CSV File used to create dataframe:
Parent,Element,Text,Attribute
,TXLife,"
",{'Version': '2.25.00'}
TXLife,UserAuthRequest,"
",{}
UserAuthRequest,UserLoginName,*****,{}
UserAuthRequest,UserPswd,"
",{}
UserPswd,CryptType,None,{}
UserPswd,Pswd,****,{}
TXLife,TXLifeRequest,"
",{'PrimaryObjectID': 'Policy_1'}
TXLifeRequest,TransRefGUID,706D67C1-CC4D-11CF-91FB444554540000,{}
TXLifeRequest,TransType,Holding Change,{'tc': '502'}
TXLifeRequest,TransExeDate,2006-11-19,{}
TXLifeRequest,TransExeTime,13:15:33-07:00,{}
TXLifeRequest,ChangeSubType,"
",{}
ChangeSubType,ChangeTC,Change Participant,{'tc': '9'}
TXLifeRequest,OLifE,"
",{}
OLifE,Holding,"
",{'id': 'Policy_1'}
Holding,HoldingTypeCode,Policy,{'tc': '2'}
Holding,Policy,"
",{}
Policy,PolNumber,1234567,{}
Policy,LineOfBusiness,Annuity,{'tc': '2'}
Policy,Annuity,,{}
OLifE,Party,"
",{'id': 'Beneficiary_1'}
Party,PartyTypeCode,Organization,{'tc': '2'}
Party,FullName,The Smith Trust,{}
Party,Organization,"
",{}
Organization,OrgForm,Trust,{'tc': '16'}
Organization,DBA,The Smith Trust,{}
OLifE,Relation,"
","{'id': 'Relation_1', 'OriginatingObjectID': 'Policy_1', 'RelatedObjectID': 'Beneficiary_1'}"
Relation,OriginatingObjectType,Holding,{'tc': '4'}
Relation,RelatedObjectType,Party,{'tc': '6'}
Relation,RelationRoleCode,Primary Beneficiary,{'tc': '34'}
Relation,BeneficiaryDesignation,Named,{'tc': '1'}
import lxml.etree as etree
import pandas as pd
import json
# Read the csv file
dfc = pd.read_csv('test_data_txlife.csv') .fillna('NA')

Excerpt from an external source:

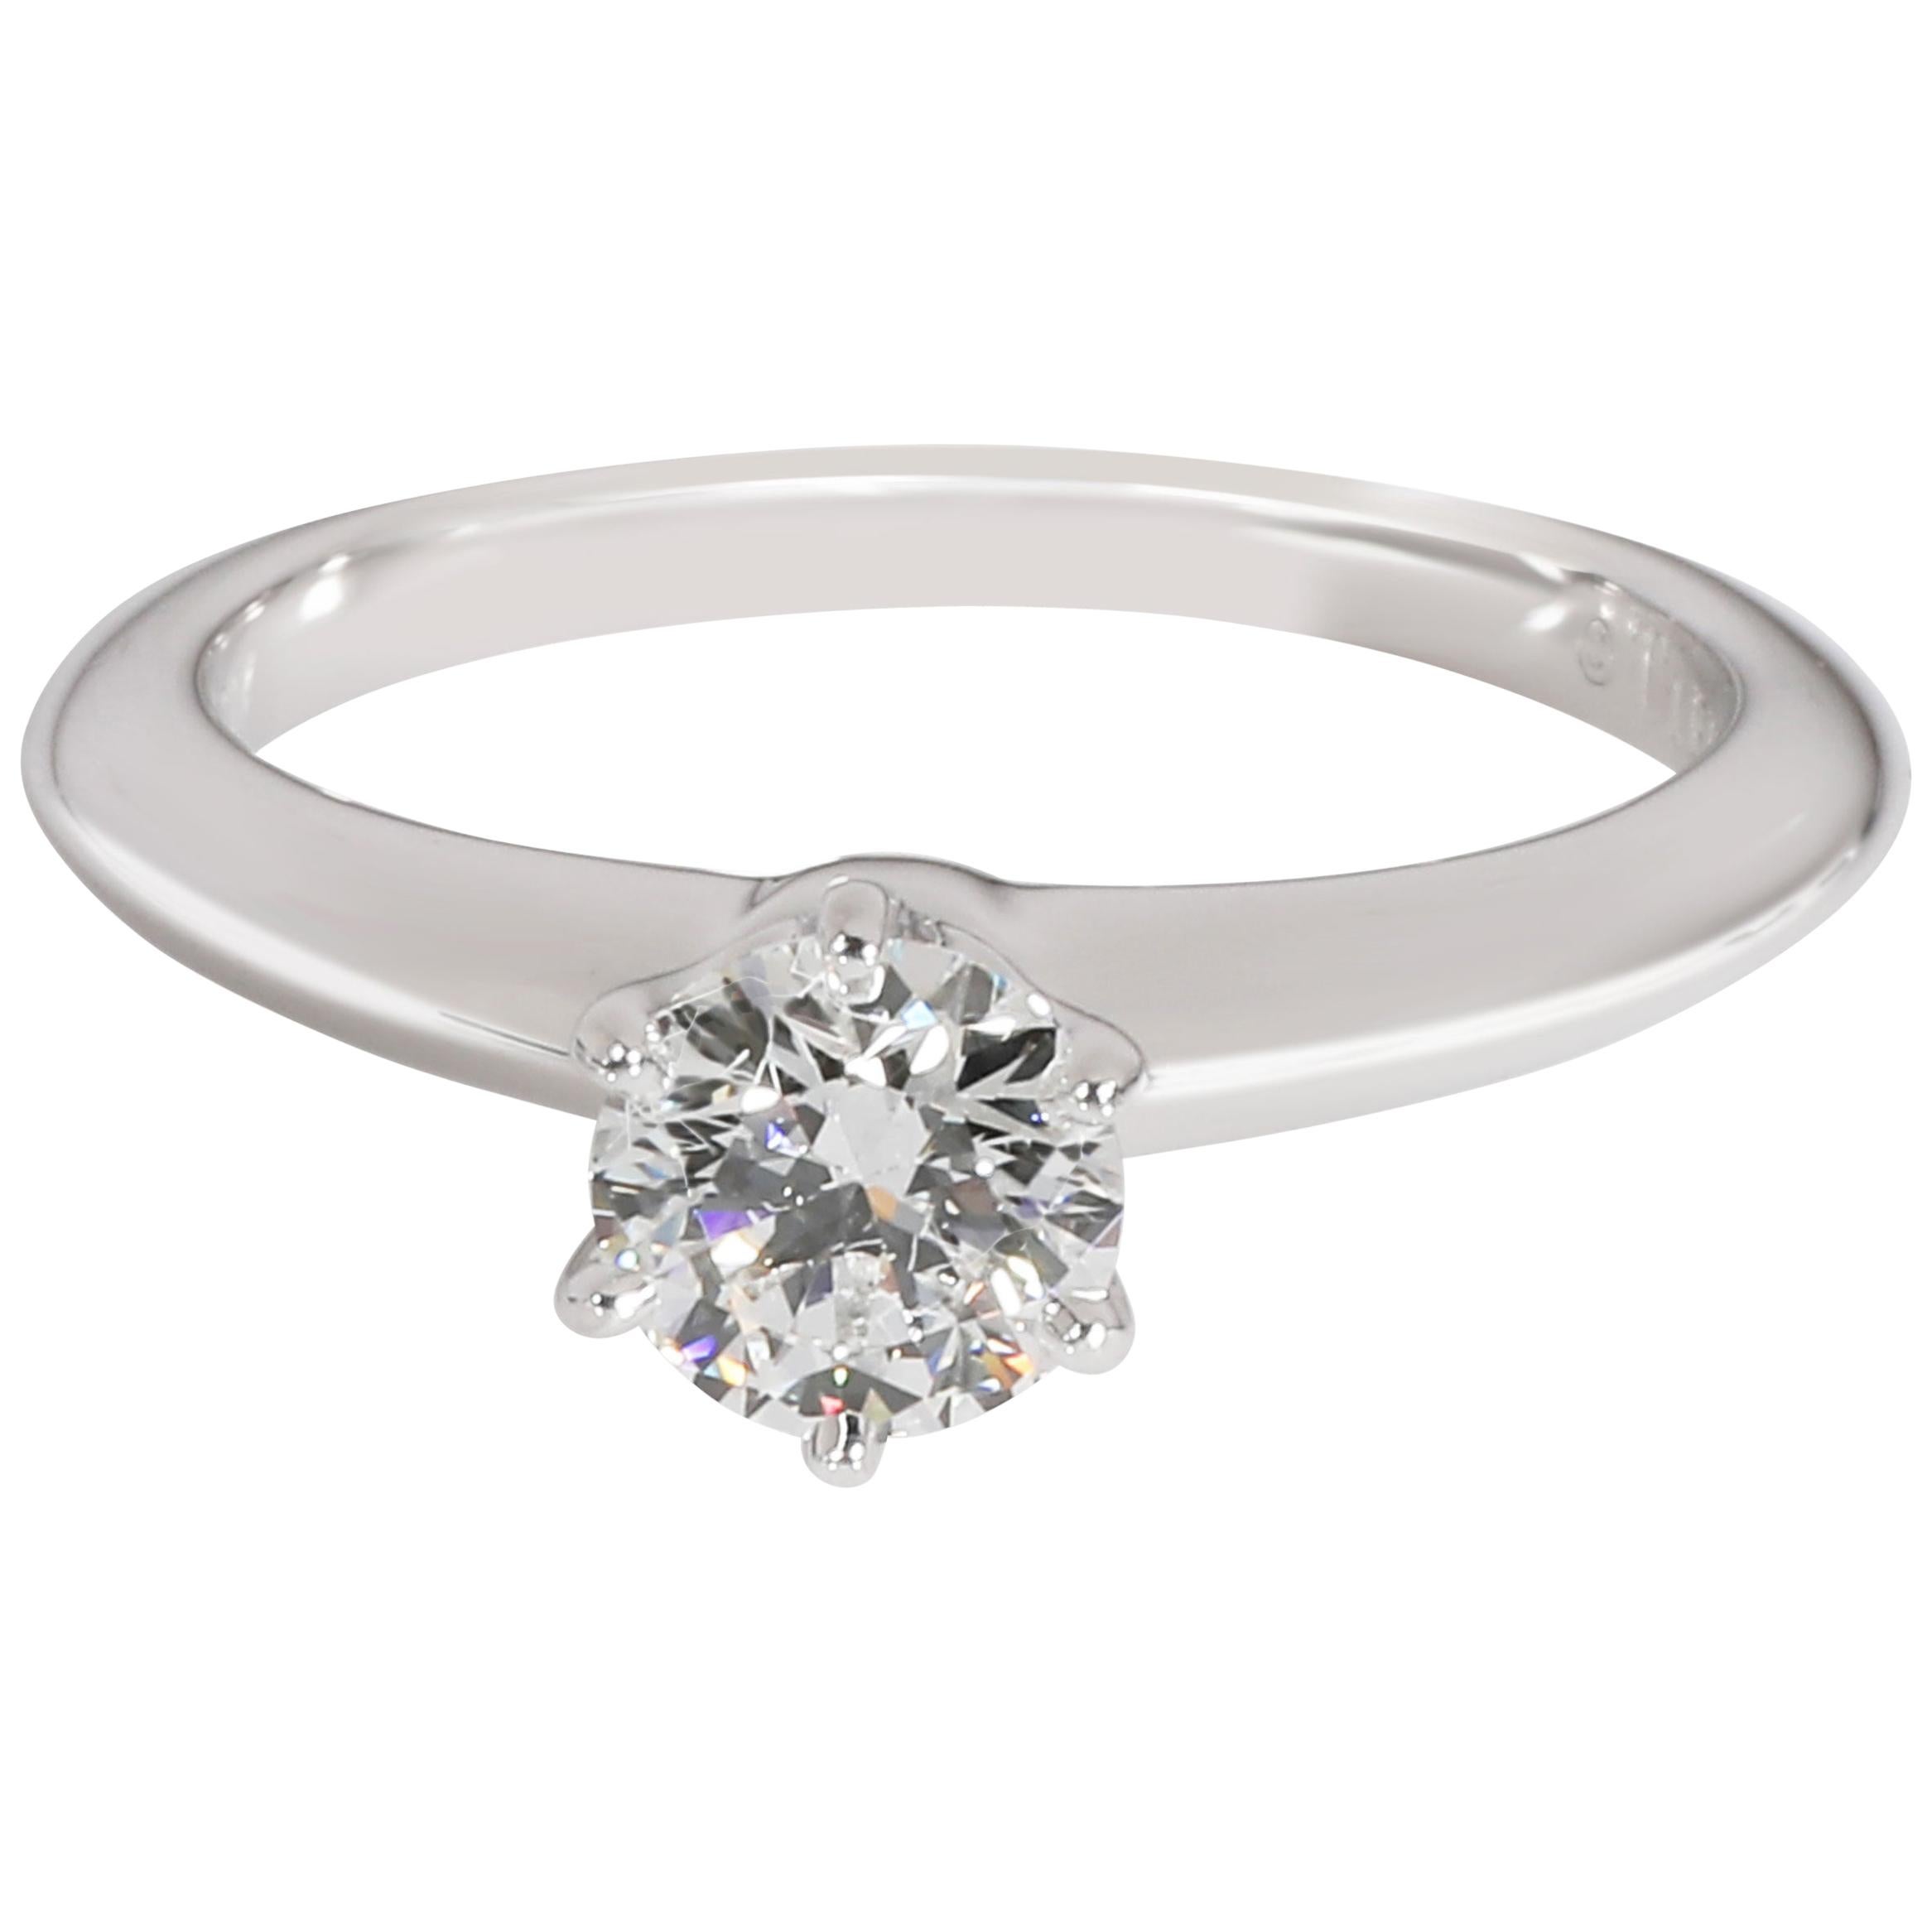 Tiffany & Co. Solitaire Diamond Engagement Ring in Platinum E VVS2 0.43 Carat

# # Remove rows with comments
# dfc = dfc[~dfc['Element'].str.contains("<cyfunction")].fillna('')
dfc['Attribute'] = dfc['Attribute'].apply(lambda x: x.replace("'", '"'))
# Add the root element for xml
root = etree.Element(dfc['Element'][0])
tree = root.getroottree()
for prnt, elem, txt, attr in dfc[['Parent', 'Element', 'Text', 'Attribute']][1:].values:
# Convert attributes to json (dictionary)
attrib = json.loads(attr)
# list(root) = root.getchildren()
children = [item for item in str(list(root)).split(' ')]
rootstring = str(root).split(' ')[1]
# If the parent is root then add the element as child (appaers to work?)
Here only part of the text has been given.